Supplied data ::
※
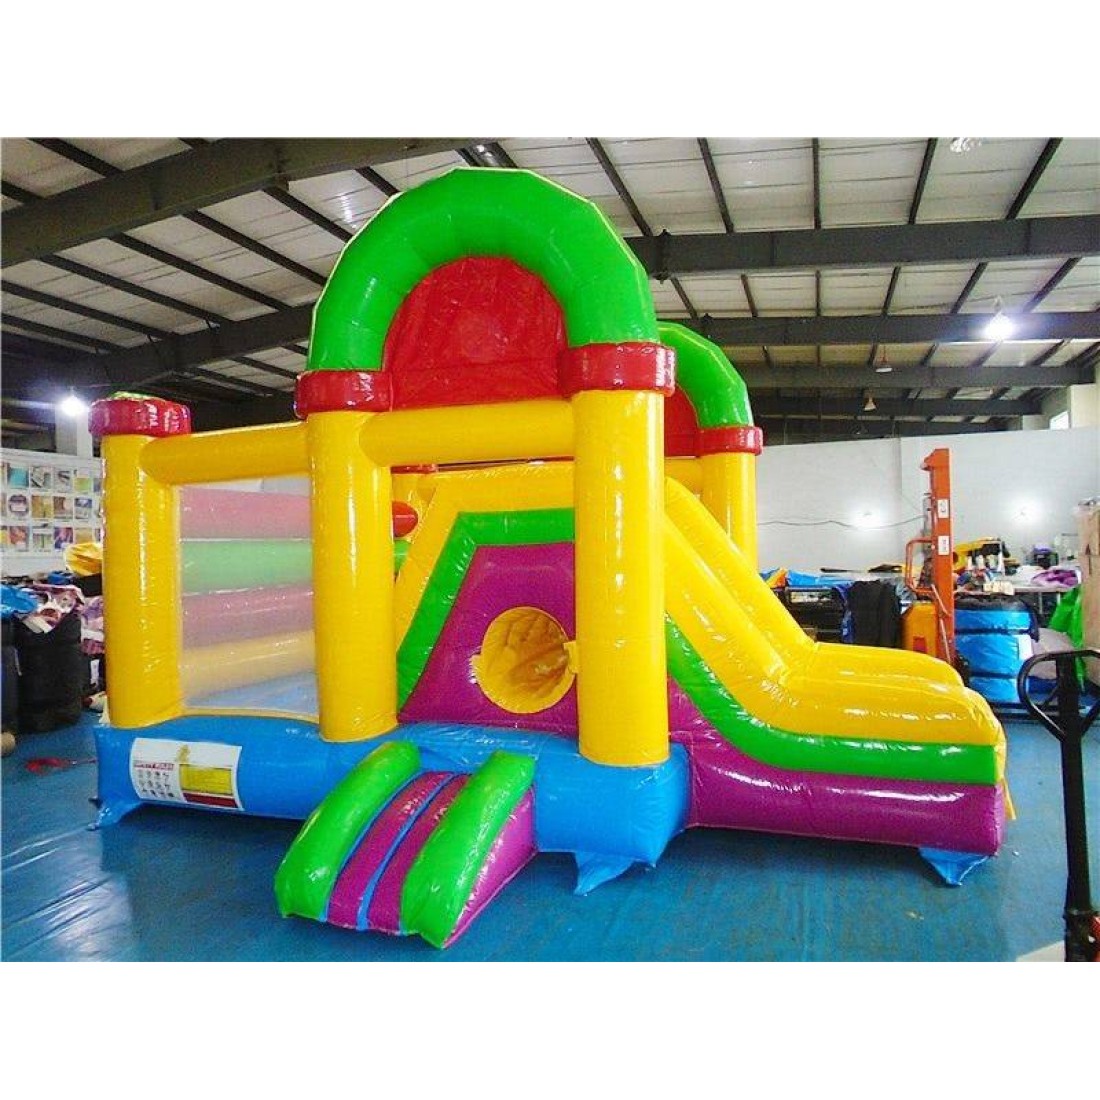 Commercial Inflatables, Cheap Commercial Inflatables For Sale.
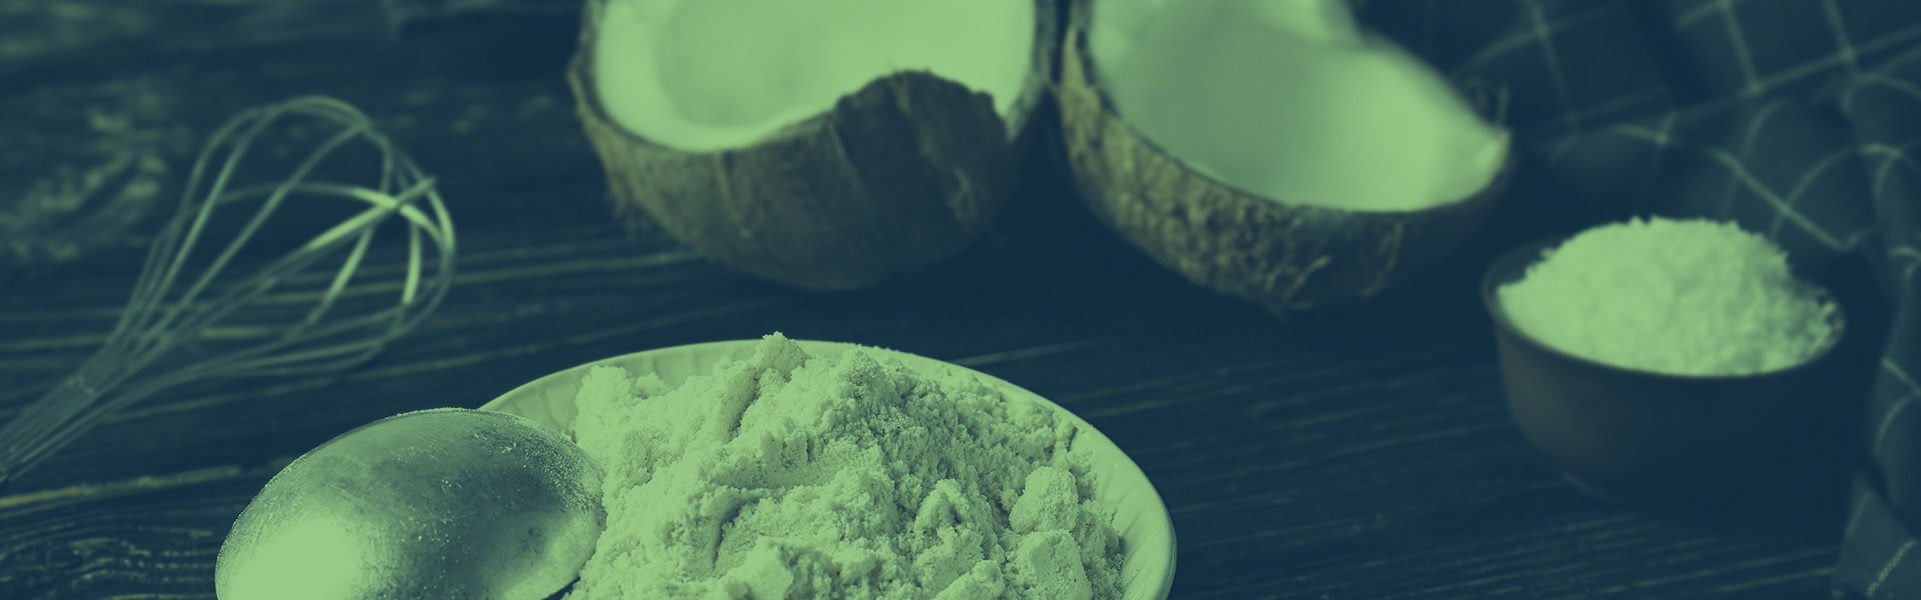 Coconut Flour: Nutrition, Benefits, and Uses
※
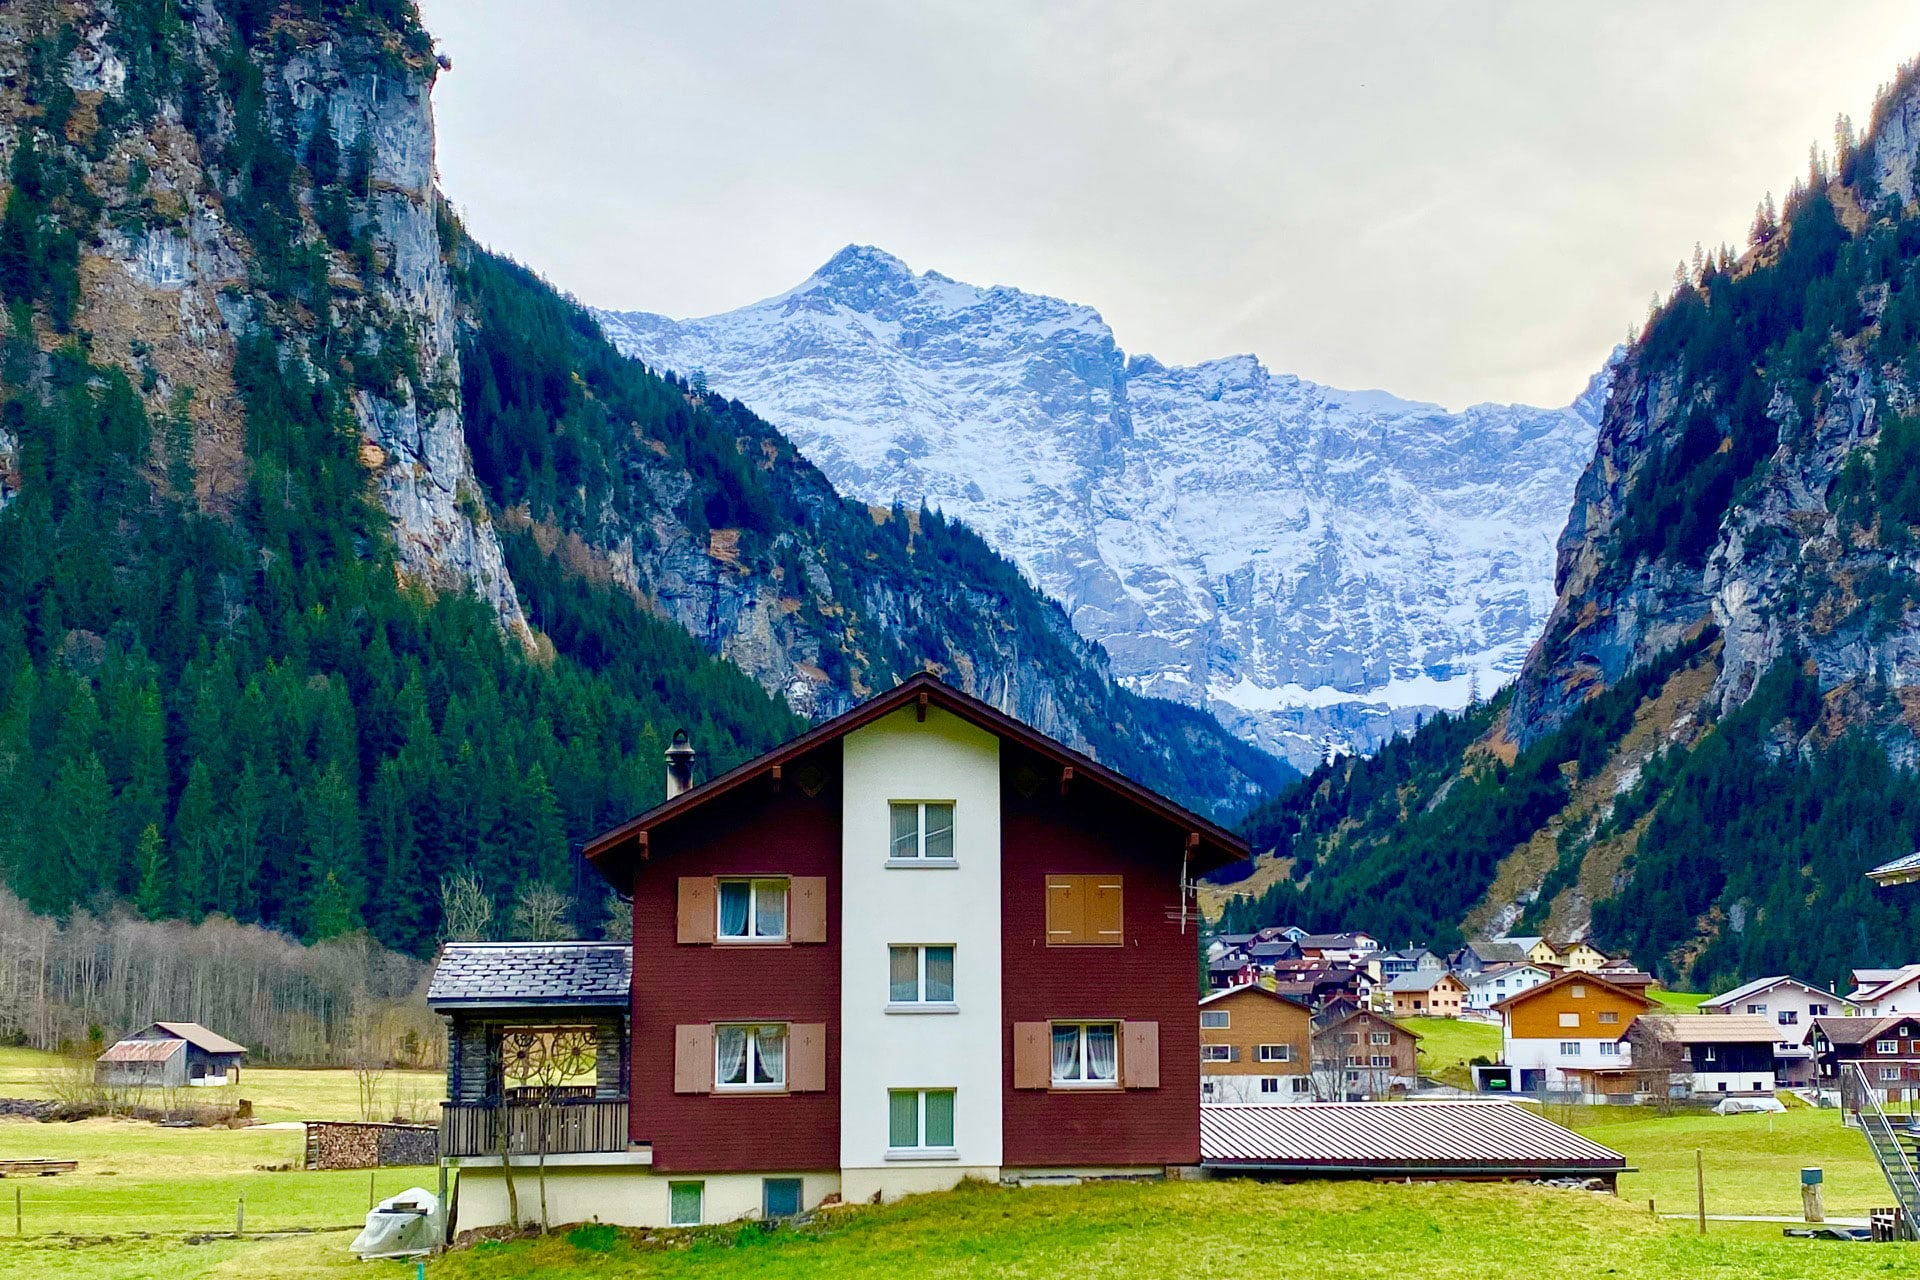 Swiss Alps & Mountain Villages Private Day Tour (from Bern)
※
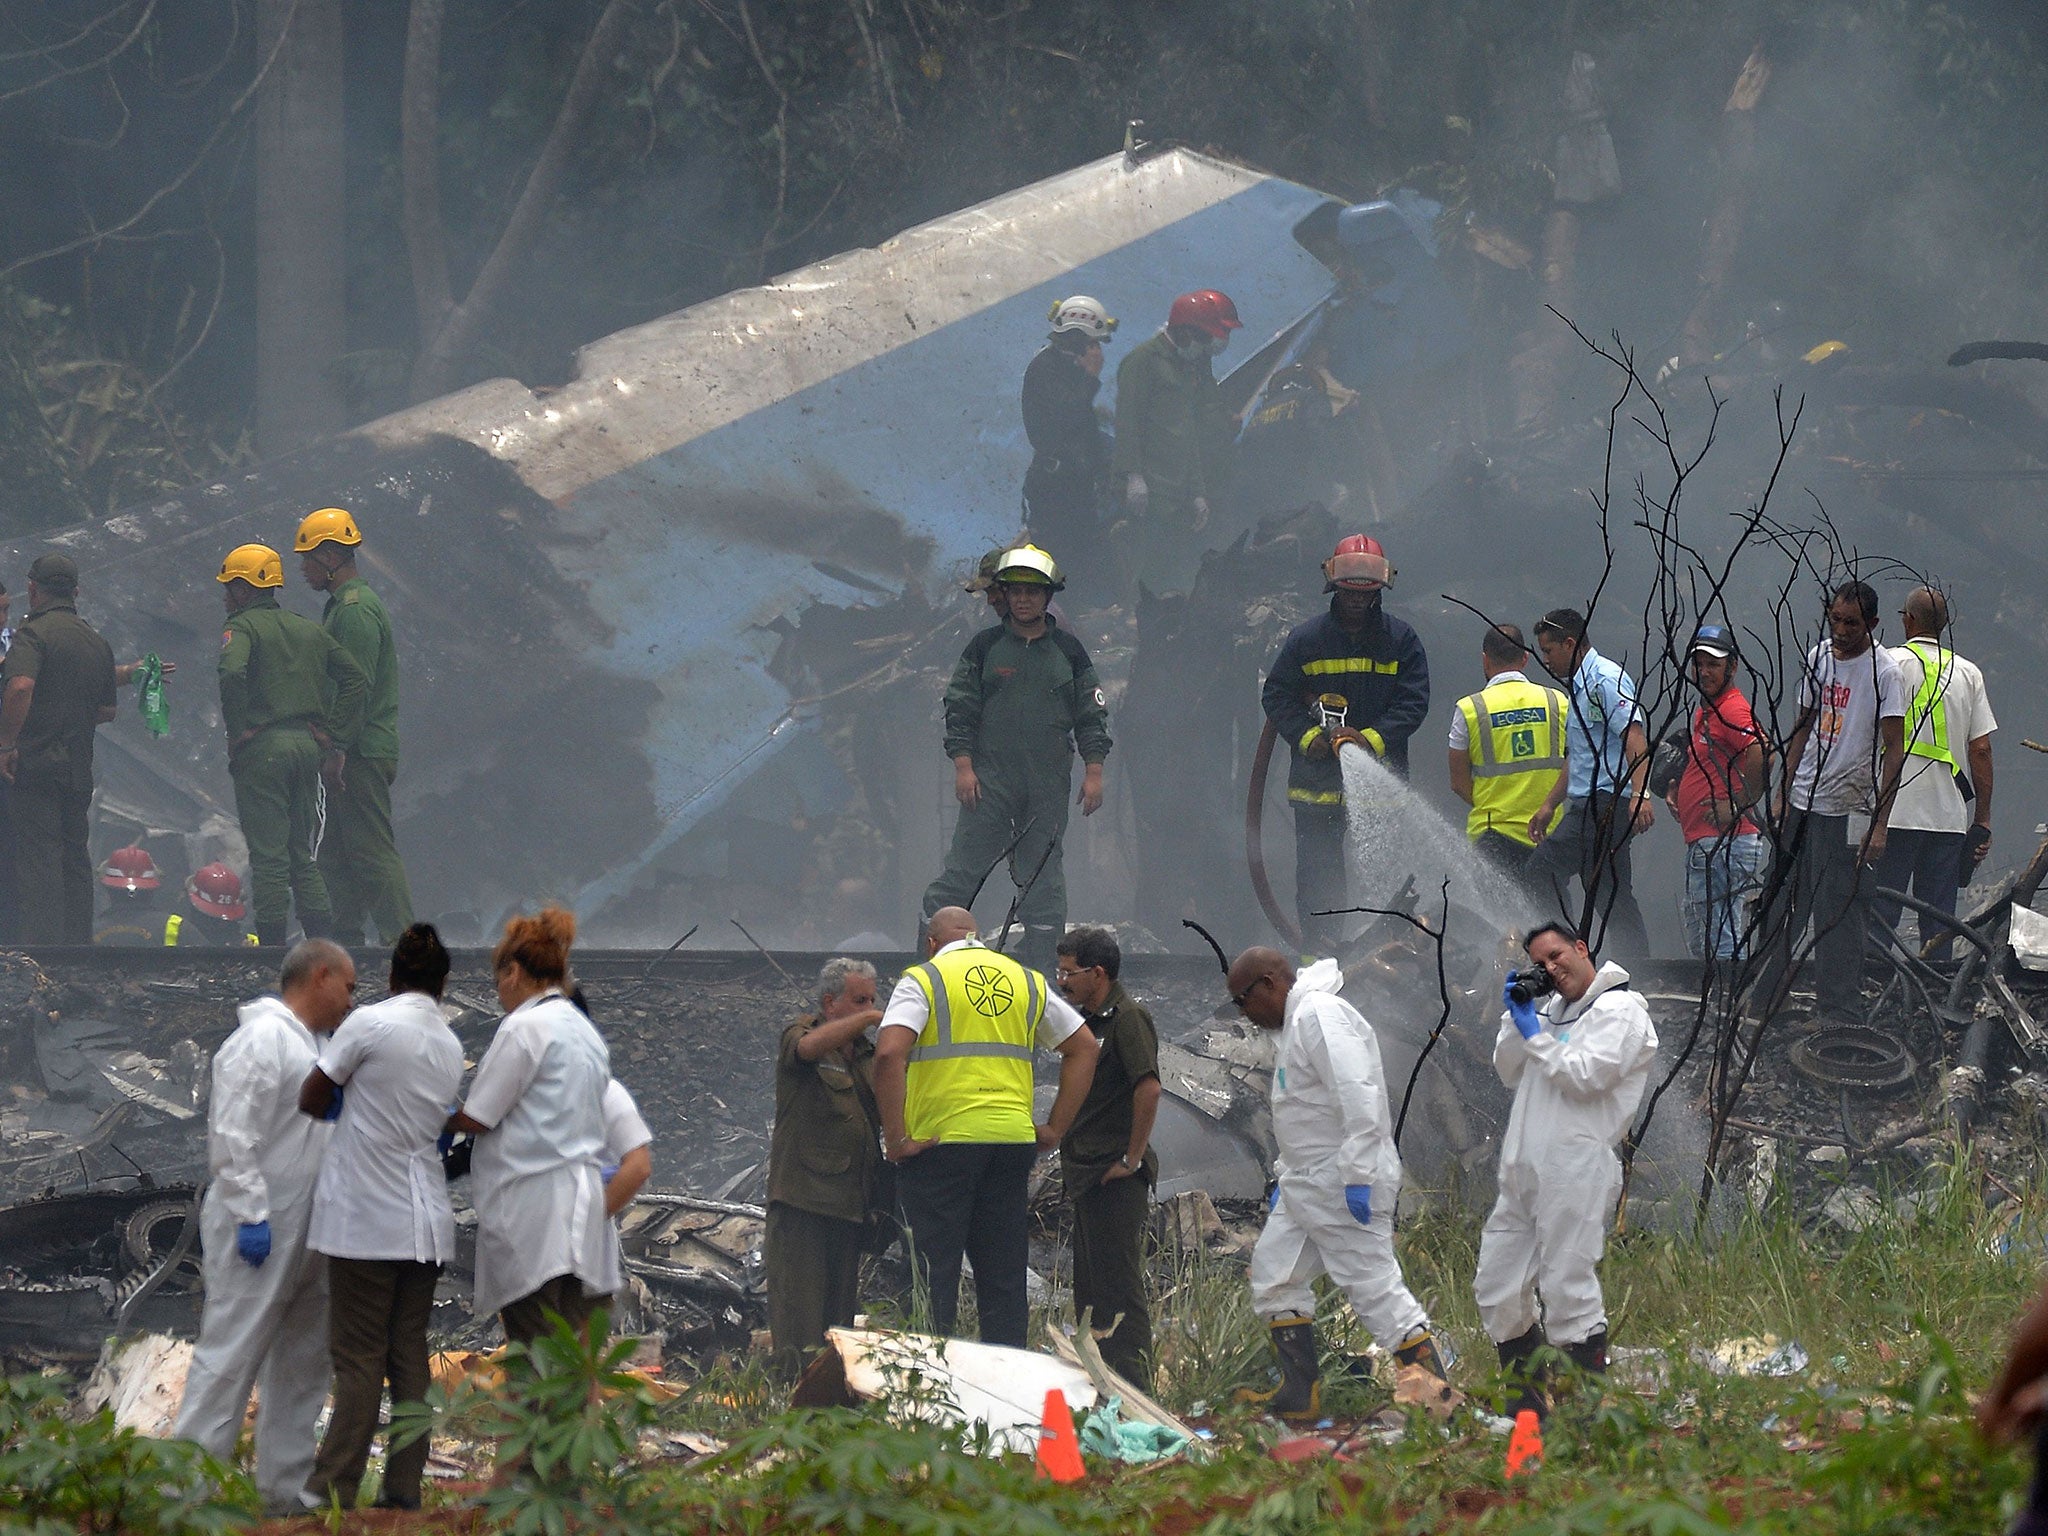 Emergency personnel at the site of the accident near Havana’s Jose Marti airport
※
Aim of the task ::
In the listing above, find the line with "Commercial Inflatables, Cheap" and the line with "Coconut Flour: Nutrition, Benefits, and Uses". Copy both of them and every line between, exactly, but not the pictures.

Result below ::
 Commercial Inflatables, Cheap Commercial Inflatables For Sale.
 Coconut Flour: Nutrition, Benefits, and Uses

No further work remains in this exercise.